I hear nothing, and I slowly become aware of how blind I am as well. The City floor is dark this far in, but our makeshift shelter is downright black. I can’t see either boy, but I feel shoulders on either side of me. That, at least, is a comfort.
“Naiya,” Pip whispers urgently, his small fingers catching my wrist. “Naiya!”
“Shh, what?”
“I don’t feel him anymore. He’s gone.”
A shiver runs up my spine, and I open my mouth to question Pip, but then I close it again. For I realize, suddenly, that I don’t need to ask. I know exactly what he means: I don’t feel him either.
“Where is he?”
Pip merely shrugs. “Not close,” is all he says.
“Do you see them, Enoch?”
“Hold on.” In the dark I hear him rustling quietly in the pocket of his jacket. He pulls out his power pack, flipping open the cover and pressing a few buttons. I shield it with my hand to prevent the light from giving us away, faint as it is. The faces beside me glow ice blue.
“Huh,” he says after a moment. He shows me the screen, which has nothing on it. If there were guards nearby, their signals would register on the pack’s rudimentary map. I lean in for a closer look, and am suddenly arrested by cold fear, a thick prickle that begins at the base of my spine and slides up to the nape of my neck.
“Pip, do you feel – ”
He just nods. They’re back.
Enoch closes the pack noiselessly and leaves us in darkness.

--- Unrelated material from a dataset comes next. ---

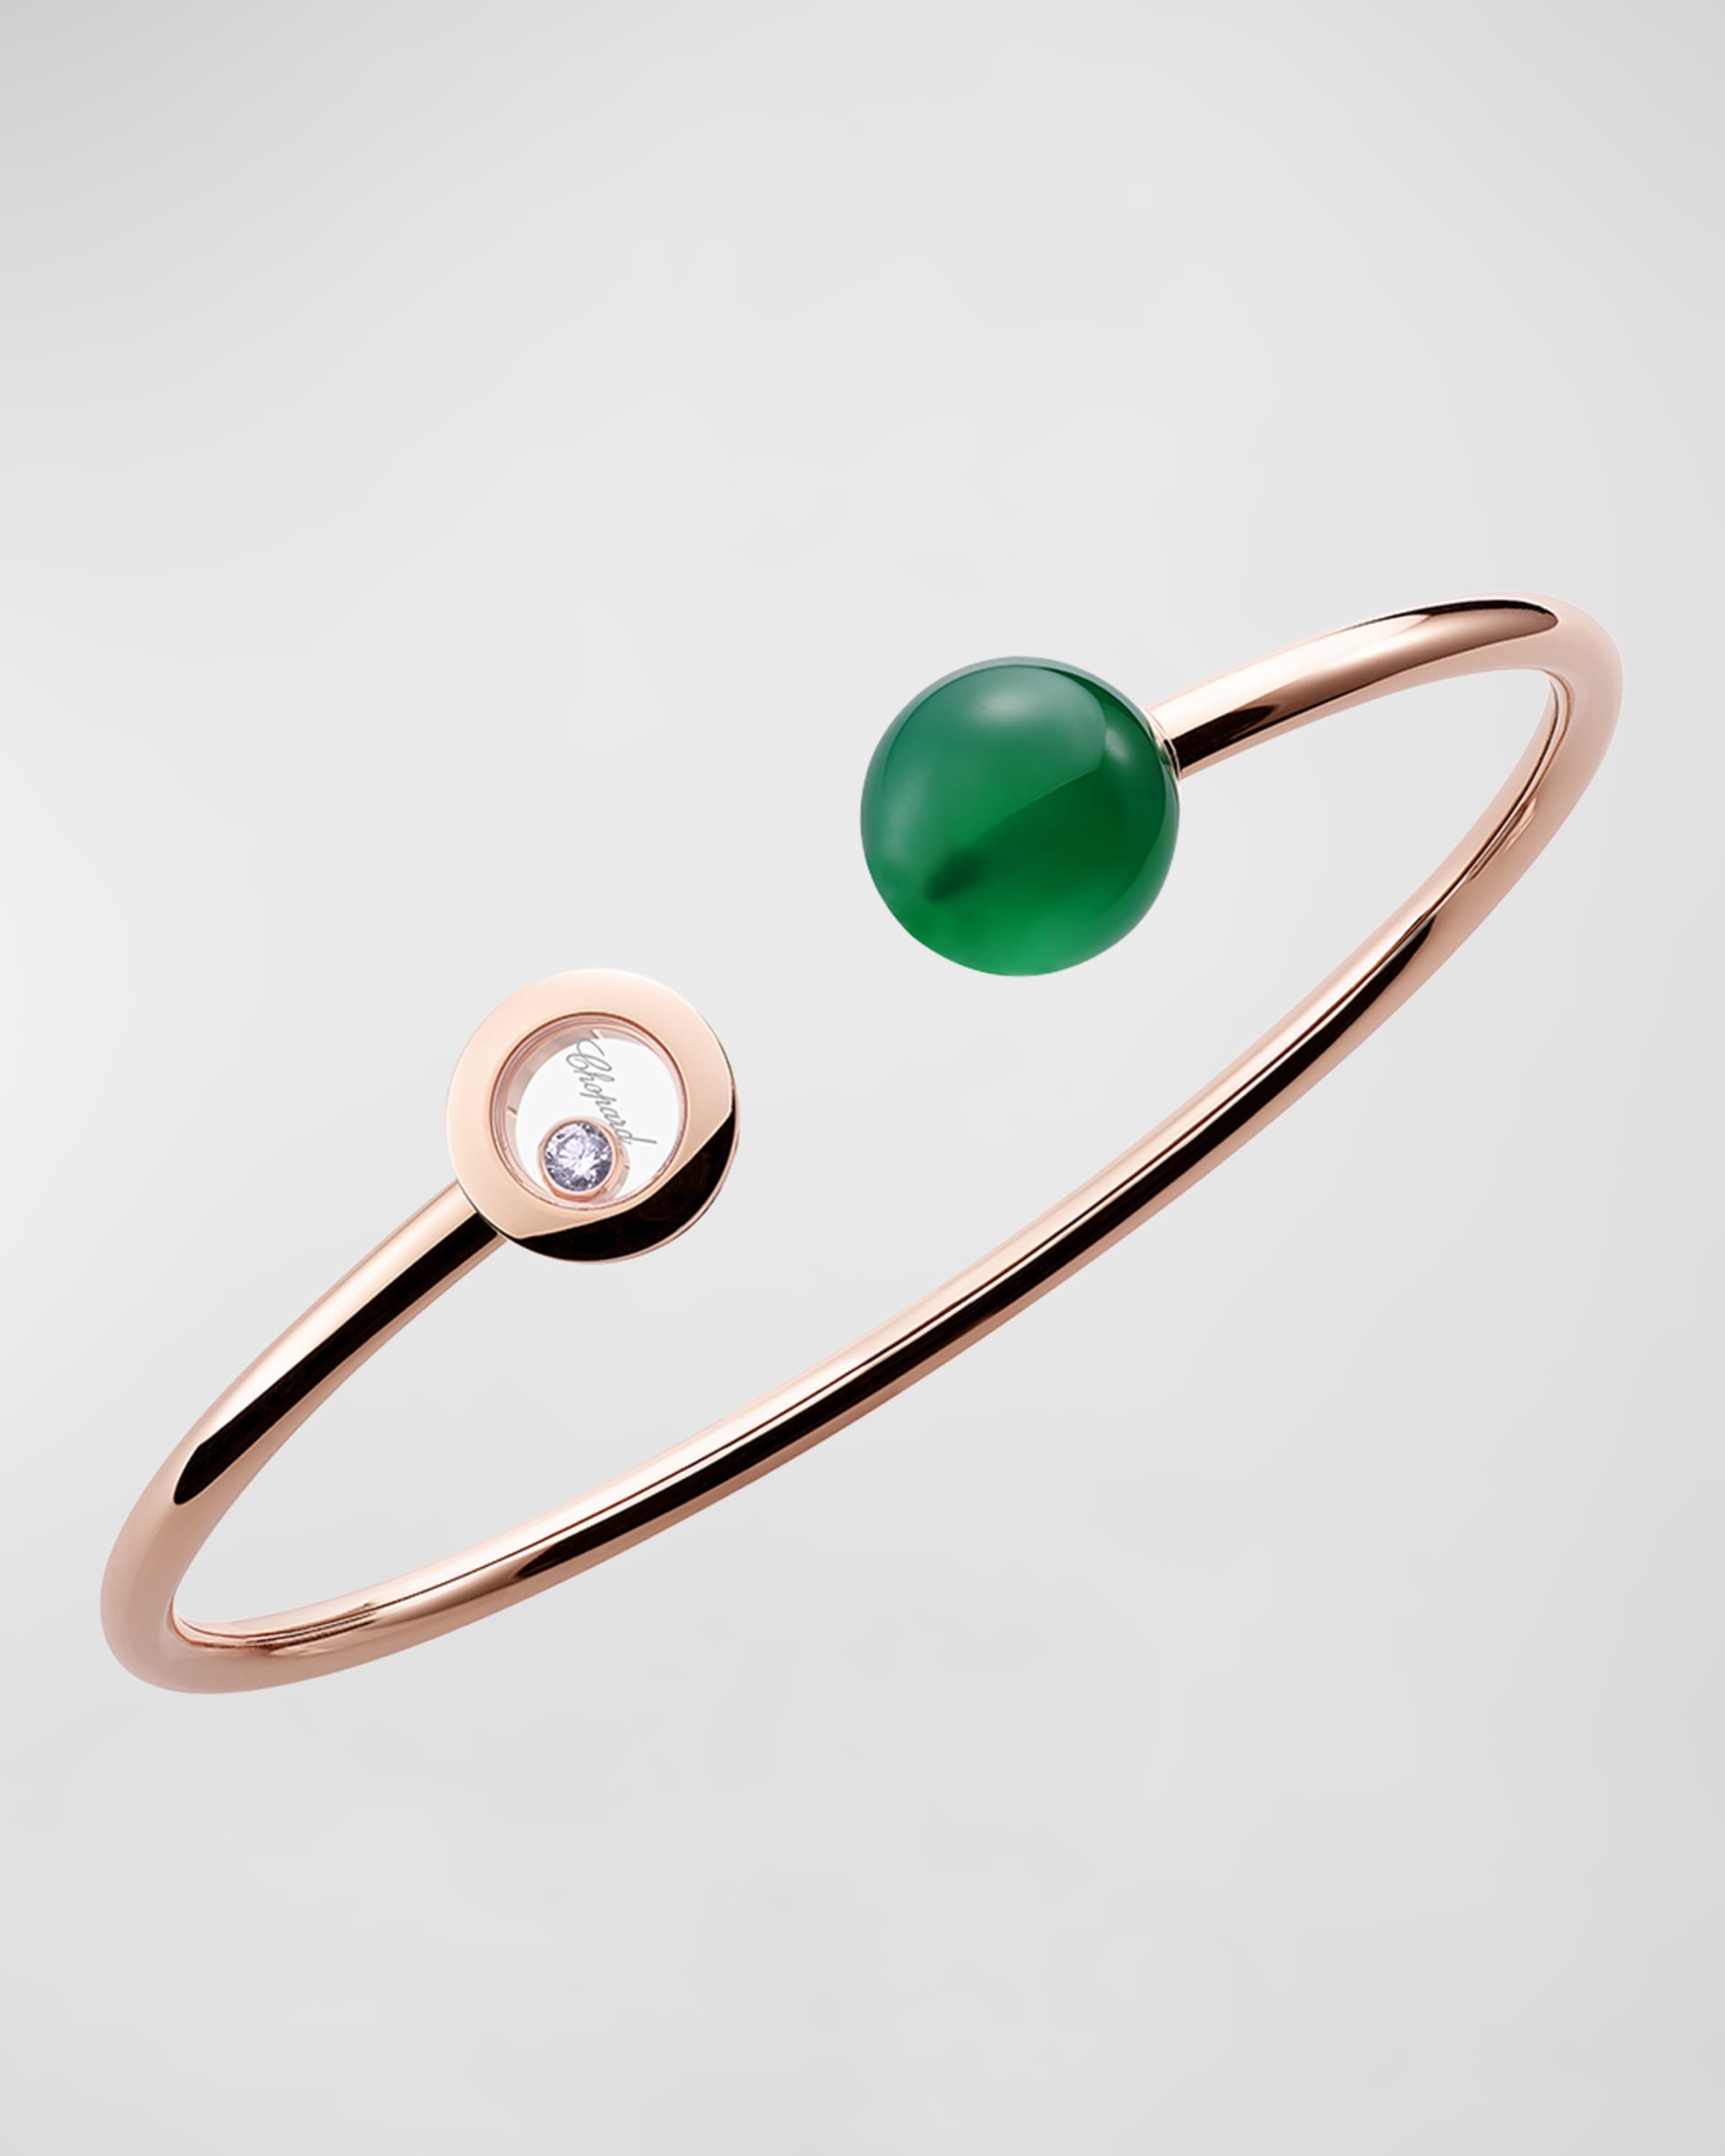 Happy Diamonds Planet 18K Rose Gold Green Agate Bracelet, Size Medium - 1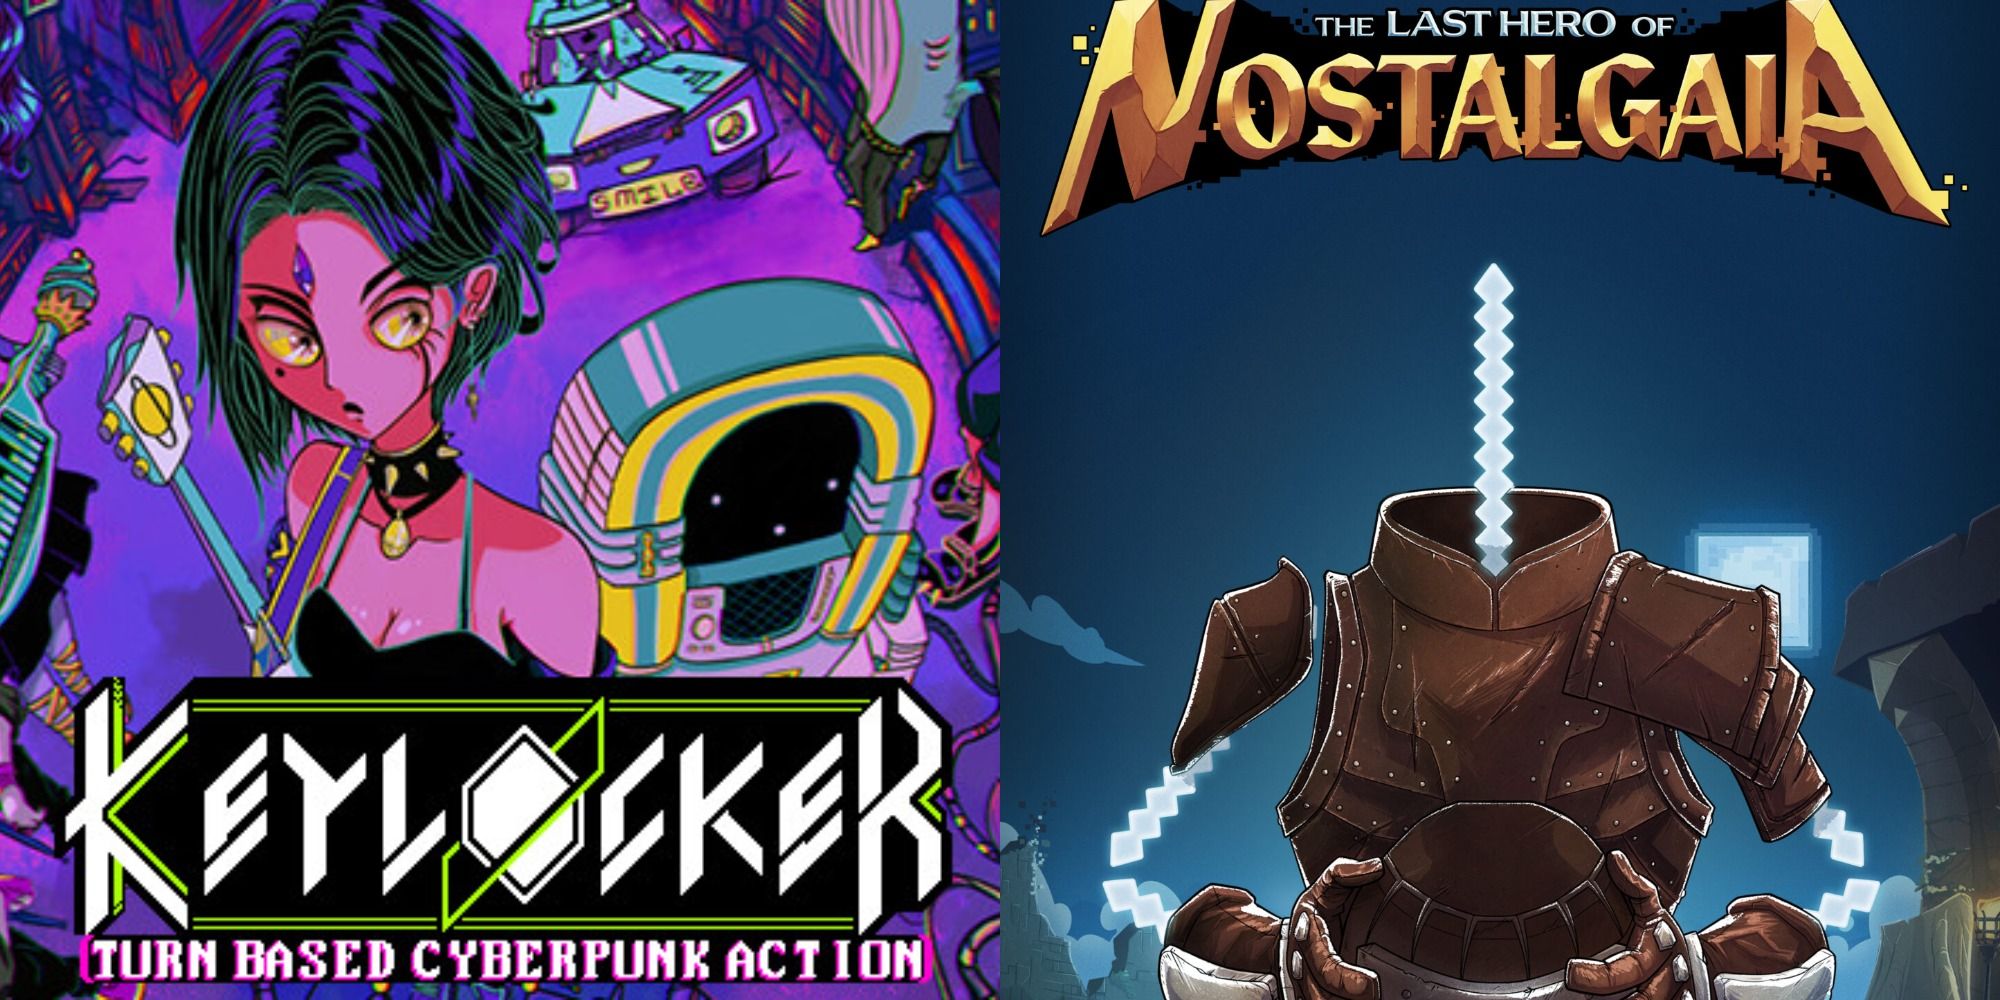 Split image showing artwork for Keylocker and The Last Hero of Nostalgaia.

No one needs to say what we’re all thinking: Don’t make a sound.
We sit in silence, terrified, listening to muffled orders, to responses from the guards who joined the first. The search seems to go on for a long time, sometimes closer and sometimes further away. For a whole five minutes the voices and the prickle disappear entirely, and when they return once more, the fear is mixed with crushing disappointment. My chances of completing what feels like Papa’s last assignment are slipping away.